— Data provided —
BEGIN

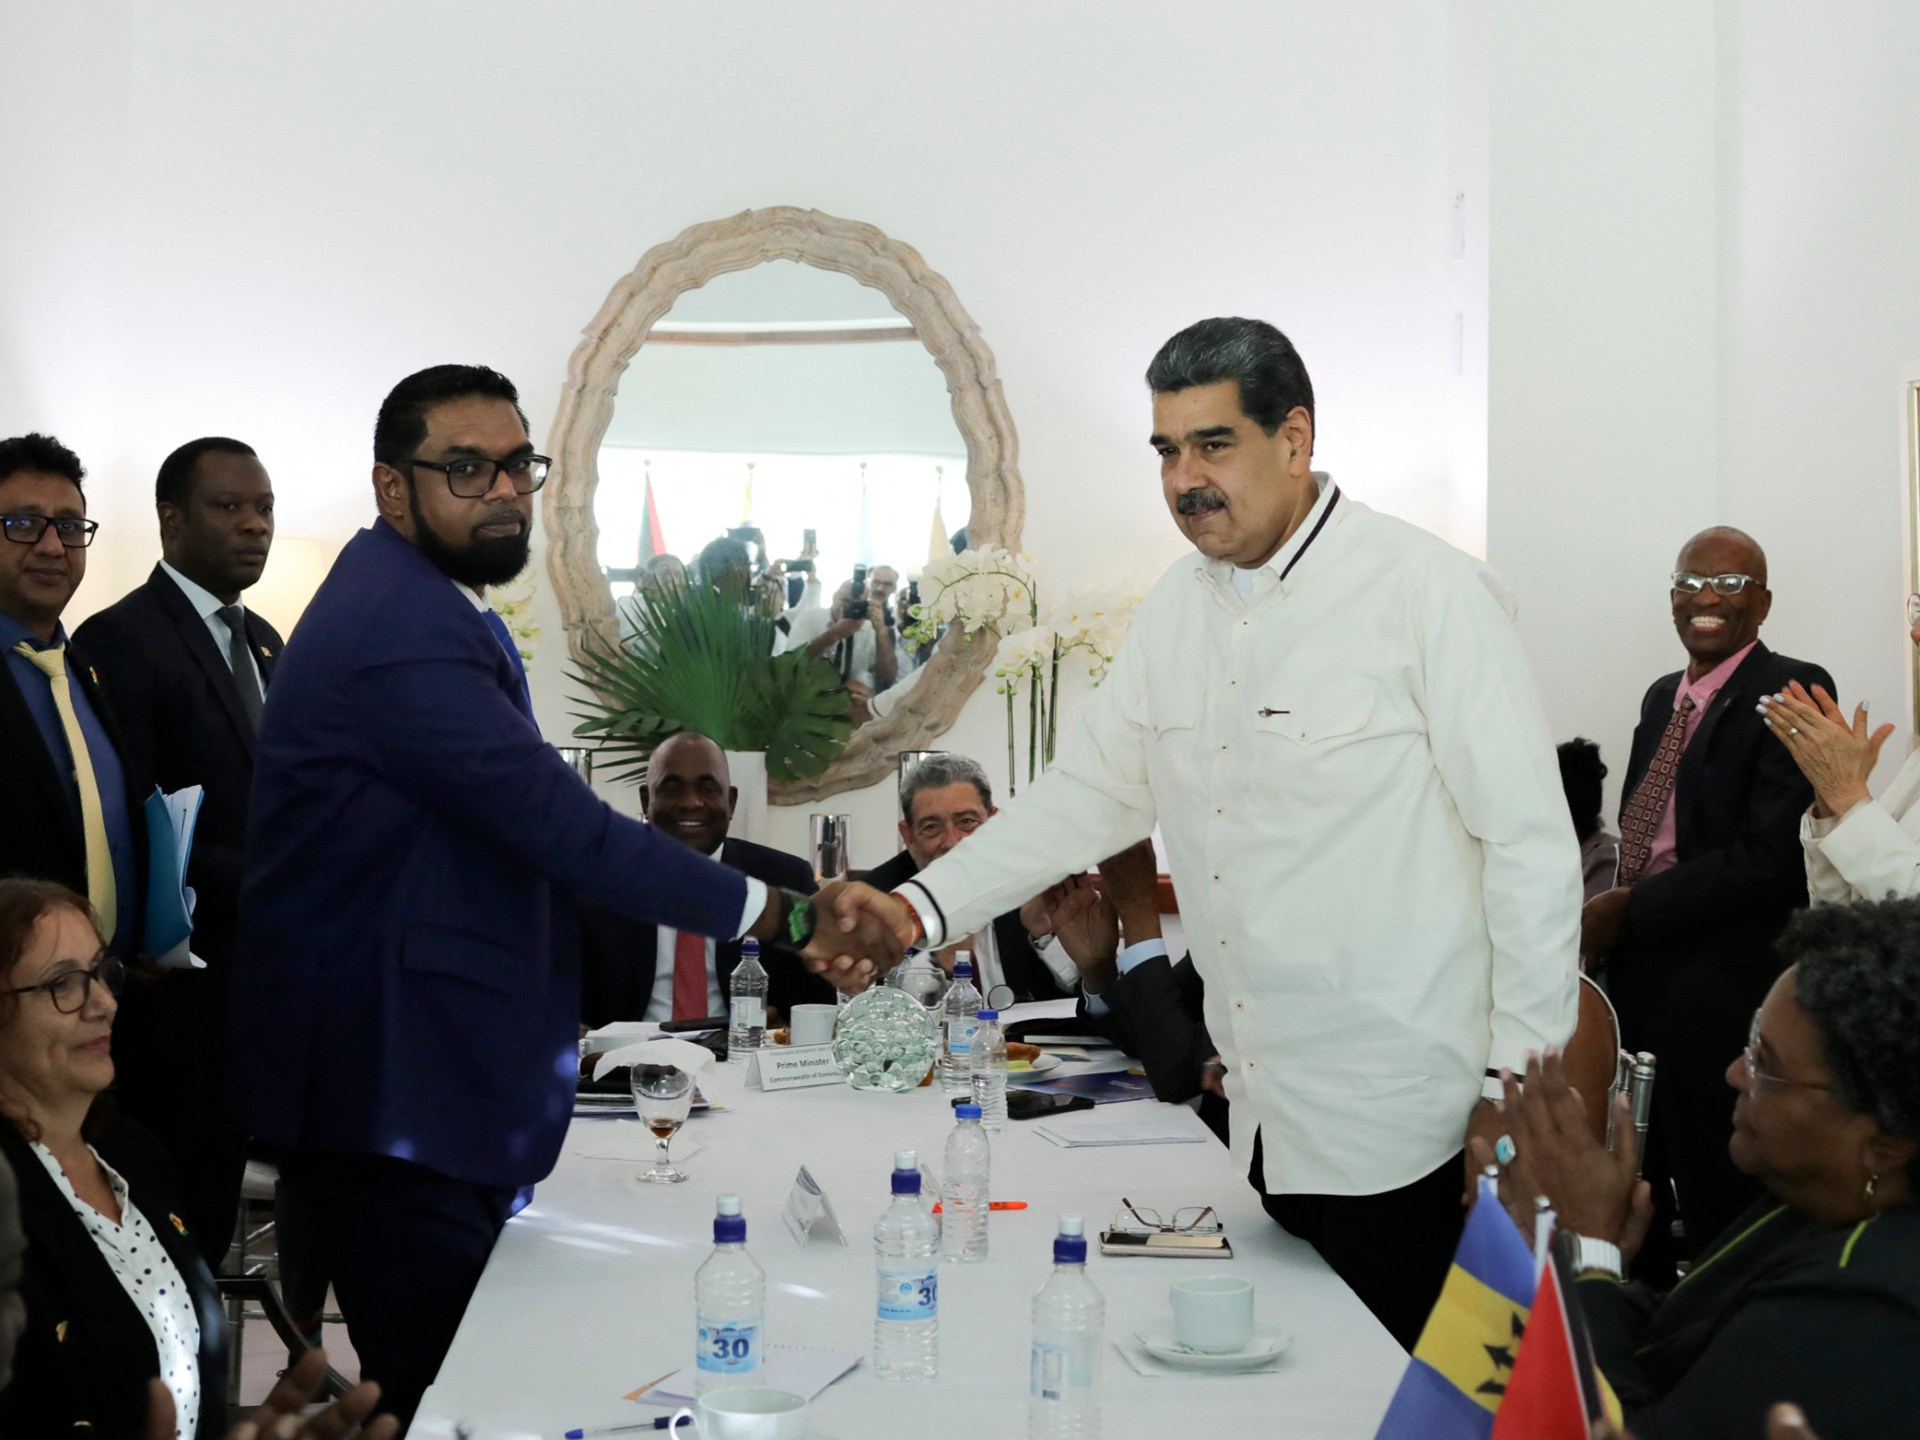 Venezuela și Guyana convin să nu folosească forța în conflictul Esquibo |  Știri politice
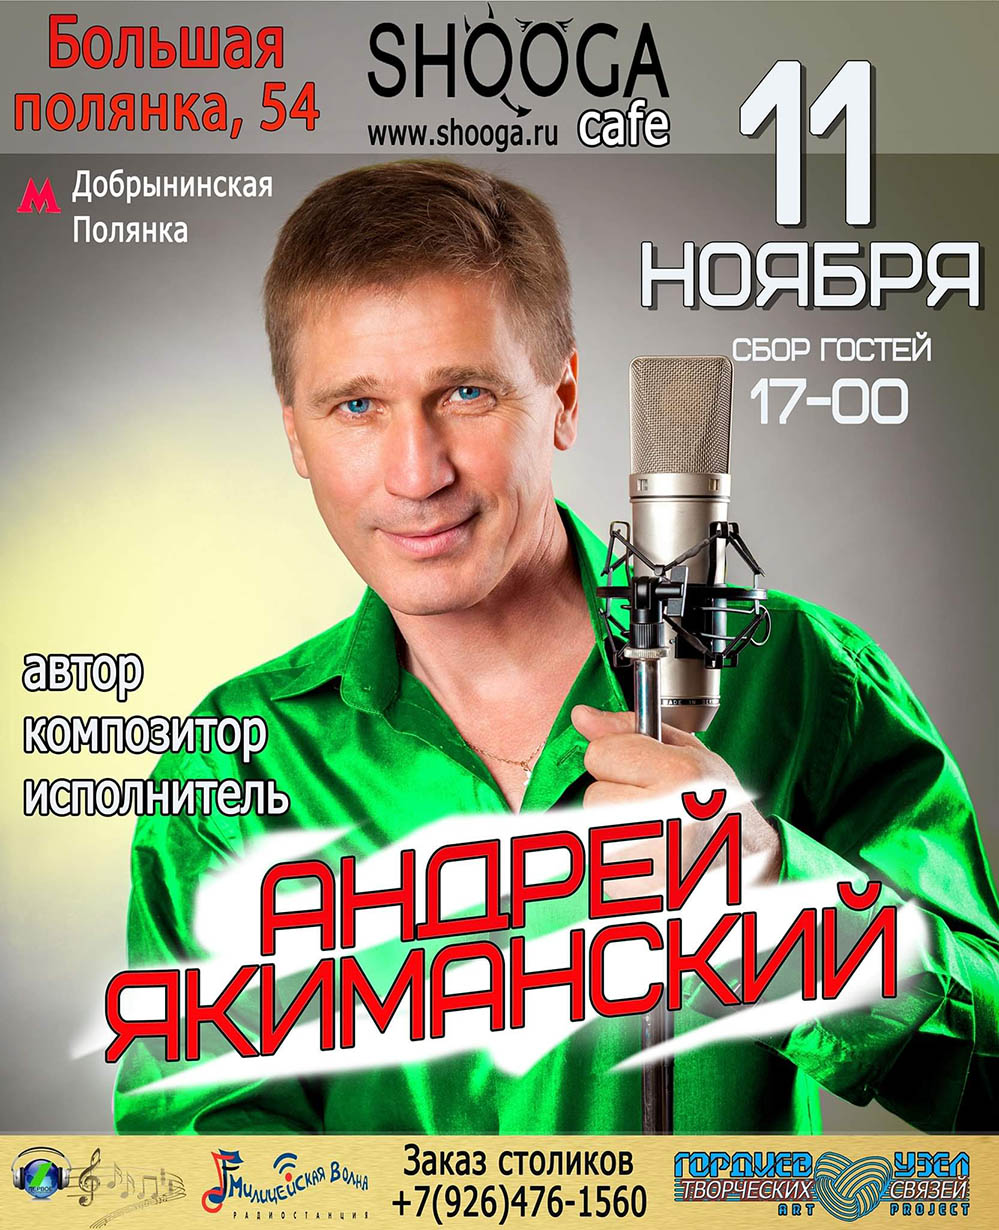 11 ноября — поёт Андрей Якиманский
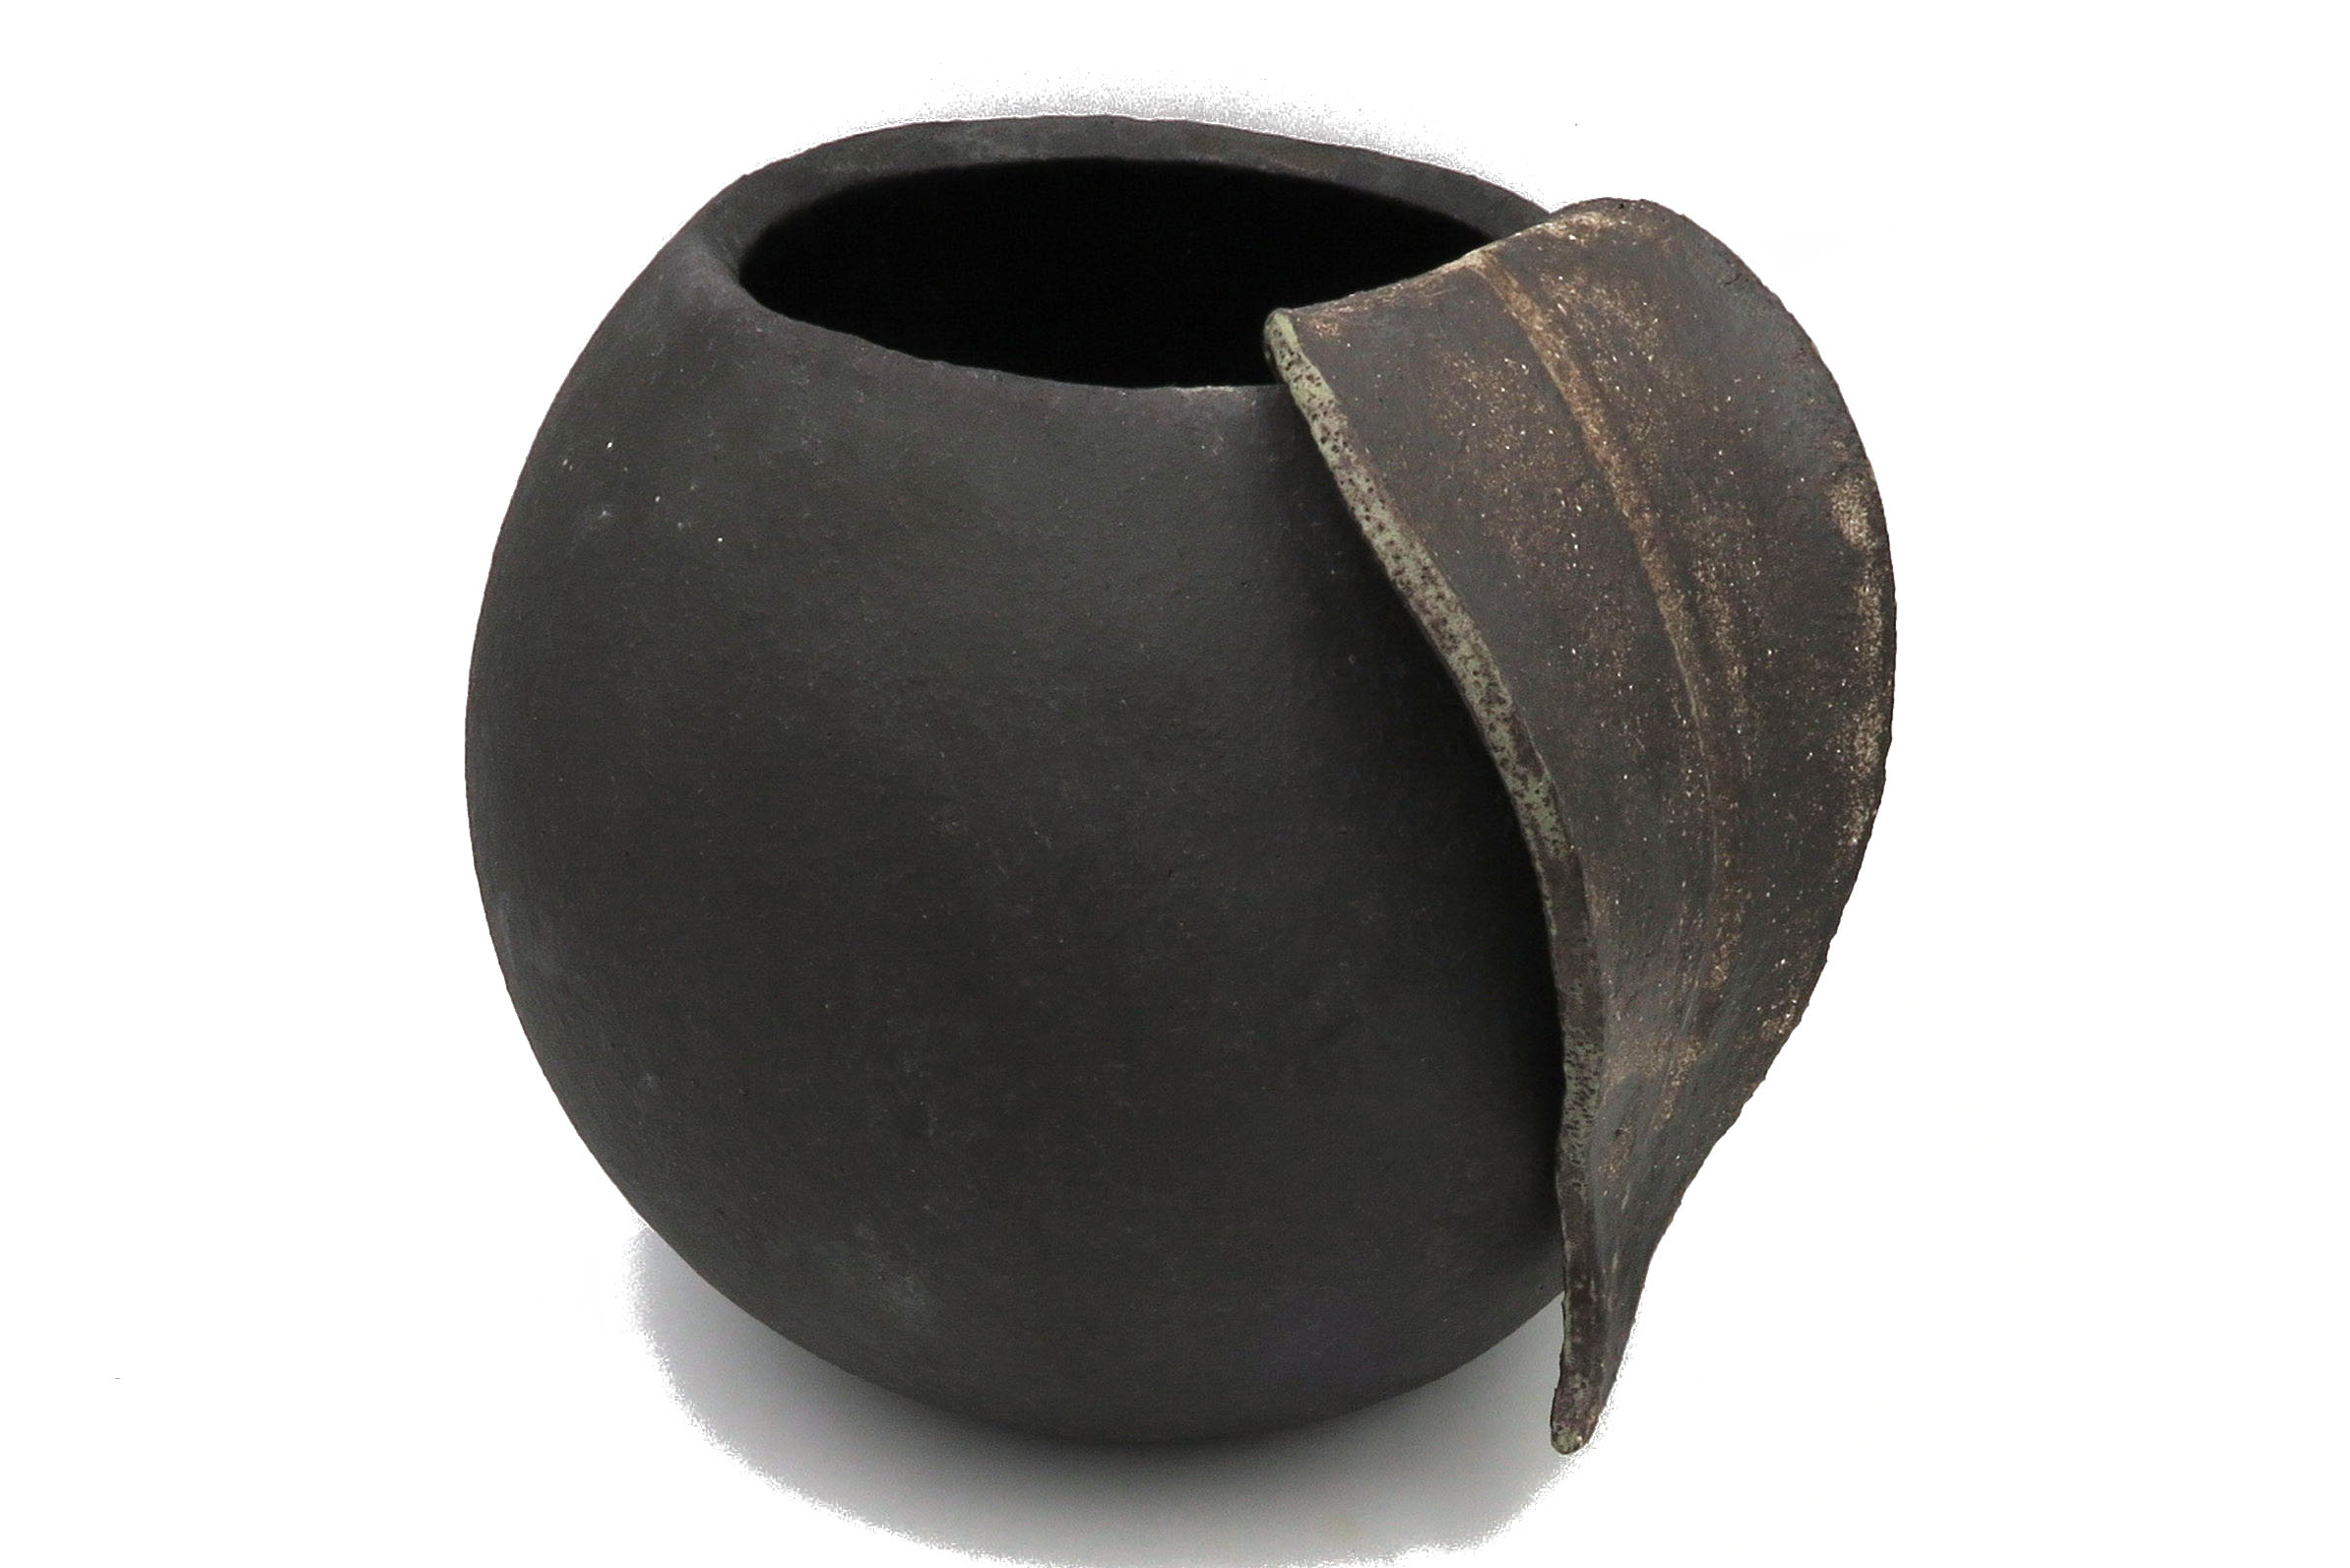 Kugel-Vase mit gebrochener Oberfläche  22 cm

END

— Task details —
Give the preceding data back exactly, minus every picture.

— Problem solution —
 Venezuela și Guyana convin să nu folosească forța în conflictul Esquibo |  Știri politice
 11 ноября — поёт Андрей Якиманский
 Kugel-Vase mit gebrochener Oberfläche  22 cm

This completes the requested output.